Exercise prompt ▸ Search the records that follow and extract every line containing the string "Pink".

Study material ▸
****************************************

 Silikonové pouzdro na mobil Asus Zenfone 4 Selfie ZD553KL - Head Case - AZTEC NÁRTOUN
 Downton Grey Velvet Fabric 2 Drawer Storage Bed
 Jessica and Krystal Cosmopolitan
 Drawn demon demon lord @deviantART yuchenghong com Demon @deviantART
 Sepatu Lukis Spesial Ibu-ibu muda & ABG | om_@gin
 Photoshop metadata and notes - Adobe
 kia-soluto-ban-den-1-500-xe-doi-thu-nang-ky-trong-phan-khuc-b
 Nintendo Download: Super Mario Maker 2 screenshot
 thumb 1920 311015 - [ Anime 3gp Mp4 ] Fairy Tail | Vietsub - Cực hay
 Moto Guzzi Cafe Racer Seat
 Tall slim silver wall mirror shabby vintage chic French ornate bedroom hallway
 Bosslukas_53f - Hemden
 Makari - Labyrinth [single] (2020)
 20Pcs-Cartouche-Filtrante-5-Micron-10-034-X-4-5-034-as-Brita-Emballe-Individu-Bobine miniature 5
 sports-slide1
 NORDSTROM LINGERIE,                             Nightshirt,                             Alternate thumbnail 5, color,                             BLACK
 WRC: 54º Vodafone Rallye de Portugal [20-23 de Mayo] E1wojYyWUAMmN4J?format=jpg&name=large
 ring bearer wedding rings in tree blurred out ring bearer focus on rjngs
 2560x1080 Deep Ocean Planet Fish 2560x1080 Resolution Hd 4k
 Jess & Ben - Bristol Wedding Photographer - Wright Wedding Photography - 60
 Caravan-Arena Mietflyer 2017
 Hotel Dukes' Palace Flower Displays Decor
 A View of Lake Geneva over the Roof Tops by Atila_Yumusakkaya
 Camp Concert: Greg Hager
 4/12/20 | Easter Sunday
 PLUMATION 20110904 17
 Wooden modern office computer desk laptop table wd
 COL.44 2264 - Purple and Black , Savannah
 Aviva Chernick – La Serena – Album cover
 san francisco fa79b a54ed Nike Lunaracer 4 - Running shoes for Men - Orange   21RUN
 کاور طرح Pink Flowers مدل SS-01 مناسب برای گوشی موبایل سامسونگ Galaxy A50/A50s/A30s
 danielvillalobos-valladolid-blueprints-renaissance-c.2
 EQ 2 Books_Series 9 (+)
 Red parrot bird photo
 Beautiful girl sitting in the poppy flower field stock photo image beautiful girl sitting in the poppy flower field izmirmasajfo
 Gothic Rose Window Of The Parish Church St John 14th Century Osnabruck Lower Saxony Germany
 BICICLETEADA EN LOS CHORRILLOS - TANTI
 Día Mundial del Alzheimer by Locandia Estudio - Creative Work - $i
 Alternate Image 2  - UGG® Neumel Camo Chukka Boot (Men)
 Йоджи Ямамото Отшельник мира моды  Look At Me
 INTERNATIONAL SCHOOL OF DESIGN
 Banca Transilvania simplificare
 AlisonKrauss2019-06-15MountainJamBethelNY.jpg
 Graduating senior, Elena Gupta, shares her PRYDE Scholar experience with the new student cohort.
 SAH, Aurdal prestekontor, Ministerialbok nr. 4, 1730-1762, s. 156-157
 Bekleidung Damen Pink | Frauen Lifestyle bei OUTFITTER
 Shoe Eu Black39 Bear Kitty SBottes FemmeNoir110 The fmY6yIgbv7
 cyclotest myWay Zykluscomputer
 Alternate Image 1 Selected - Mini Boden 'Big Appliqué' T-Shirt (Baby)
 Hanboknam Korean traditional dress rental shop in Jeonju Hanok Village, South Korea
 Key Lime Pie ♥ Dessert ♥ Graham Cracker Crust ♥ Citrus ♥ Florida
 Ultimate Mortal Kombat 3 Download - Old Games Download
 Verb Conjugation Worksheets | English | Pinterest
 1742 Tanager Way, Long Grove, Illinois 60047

****************************************

Exercise output ▸
 کاور طرح Pink Flowers مدل SS-01 مناسب برای گوشی موبایل سامسونگ Galaxy A50/A50s/A30s
 Bekleidung Damen Pink | Frauen Lifestyle bei OUTFITTER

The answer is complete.